After defining the PromptModel and PromptDataLoader, we can train and infer the defined prompt. All the code for training and inference can be implemented with PyTorch. Figure 13.16 represents an inference example based on OpenPrompt.

Fig. 13.16
A screenshot of a 10-line code. It includes functions of import, prompt model, hashtag the predictions would be 0 and 1, with torch, for, logits, p r e d s, and print, among others.

An example of model inference based on prompt learning in OpenPrompt

13.3.3 QuickStart of OpenDelta

OpenDelta is an open-source delta tuning toolkit that can perform delta tuning without modifying the code of the backbone PTM. By using OpenDelta, users could easily implement prefix tuning [23], adapter tuning [20], LoRA [17], or any other types of delta tuning. OpenDelta also supports sharing delta objects so that users can load the delta objects trained by others or save and publish users’ own delta objects. To adapt PTMs using OpenDelta only needs the following three steps.

Step 1: Loading the PTM

Similar to OpenPrompt, OpenDelta requires a PTM to be loaded first as the backbone for subsequent tuning. The code in Fig. 13.17 shows how to load BART [22].

Fig. 13.17
A snippet of a 5-line code. It includes functions of from, import, hashtag load BART as the backbone, and model, among others.

The example of loading the PTM for delta tuning in OpenDelta

Step 2: Adding the Delta Object

After loading the PTM, OpenDelta requires users to specify the parameters to be tuned (i.e., delta object). The code in Fig. 13.18 shows how to use the built-in modifications (i.e., adapter layers) in OpenDelta to specify the parameters that require to be tuned.

Fig. 13.18
A snippet of a 6-line code. It includes functions of import, from, hashtag this will apply adapter tuning, and delta underscore model, among others.

The example of specifying the delta object for delta tuning in OpenDelta

Step 3: Freezing the Backbone

After adding the delta object, the parameters of the backbone model are not automatically frozen. Users need to use the freeze_module method provided by OpenDelta to freeze the backbone model (Fig. 13.19).

Fig. 13.19
A snippet of a 5-line code. It includes functions of import, hashtag freeze the parameters of the backbone, and delta under score model, among others.

The example of freezing the backbone for delta tuning in OpenDelta

After completing the above three steps, the model can be trained with the training script. After the training is completed, users can also use the state_dict interface to obtain the delta object’s parameters, similar to obtaining parameters in PyTorch. The delta object obtained using OpenDelta usually only needs very little space to store, which is very space-efficient and can be easily stored and shared with others.

13.4 BMCook: Efficient Compression Toolkit for Big Models

The research on model compression started long ago, and in recent years several vital directions, such as quantization [2, 3, 31, 32], distillation [16, 19, 28, 33], and pruning [5, 10, 14, 35, 37, 38, 43], have been widely explored. Before the emergence of big models, model compression techniques were mainly applied to adapt models to various low-resource end devices, such as cell phones and cameras, or to some real-time applications that require low-latency inference. After the popularity of big models, the inference of these big models requires more expensive high-end devices than conventional deep models, making the compression process more critical.

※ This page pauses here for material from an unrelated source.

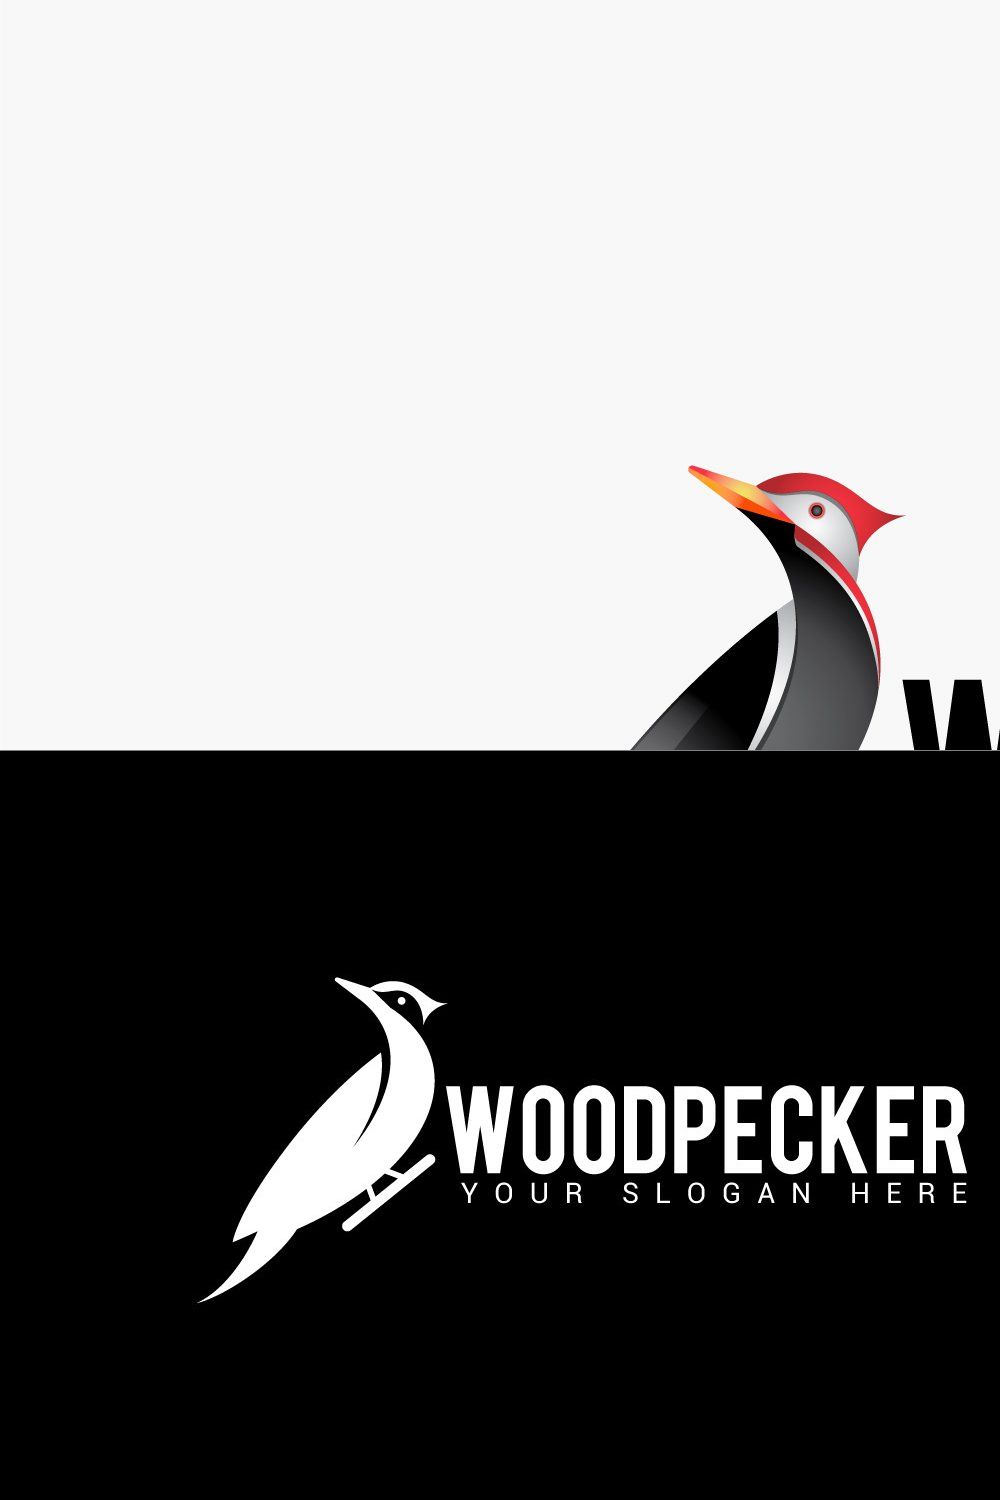 woodpecker logo pinterest preview image.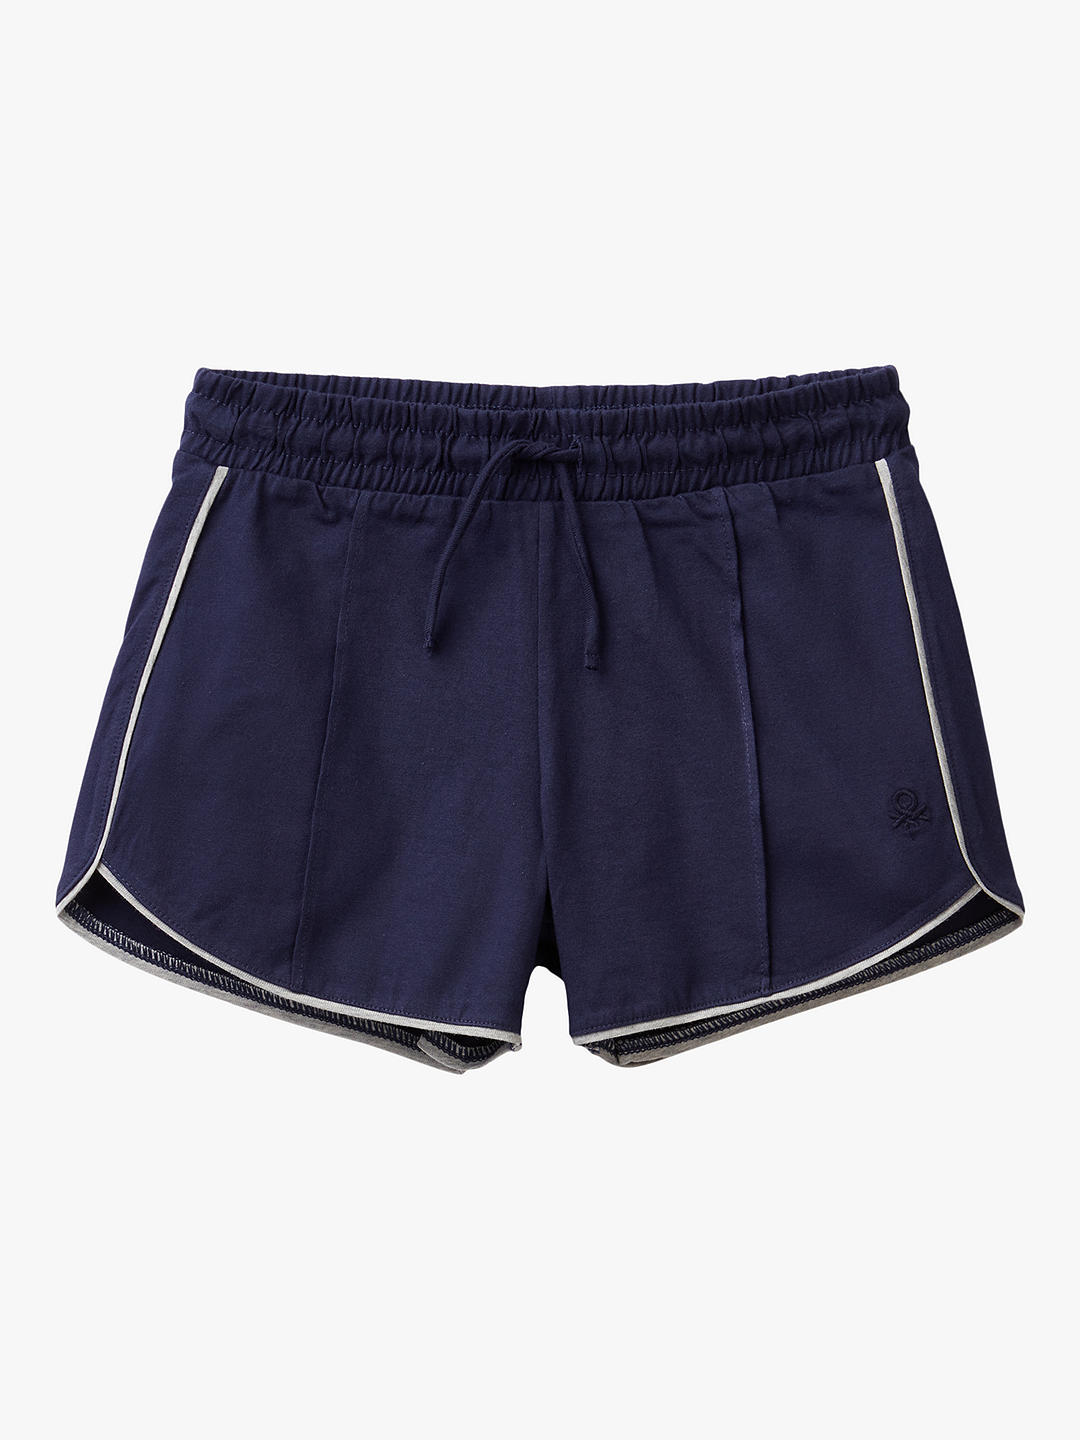 Benetton Kids' Sweat Shorts, Night Blue

In order to make big models run on common devices like various consumer GPUs, we have to combine different compression techniques to minimize the parameter size of these models without degrading the model performance too much. Therefore, as shown in Figure 13.20, BMCook systematically implements model quantization, model distillation, model pruning, and model MoEfication. To take full advantage of these compression techniques, BMCook builds a unified compression framework to support the combination of these compression techniques. Under this unified framework, BMCook can support arbitrary combinations of different compression techniques. Next, we will introduce typical model compression techniques and how to use these techniques to compress big models with the help of BMCook. And more details about BMInf can be found in the paper [41].

Fig. 13.20
A 4-part flow diagram of quantization, distillation, pruning, and MoEfication. They include self-attention and F F N layers.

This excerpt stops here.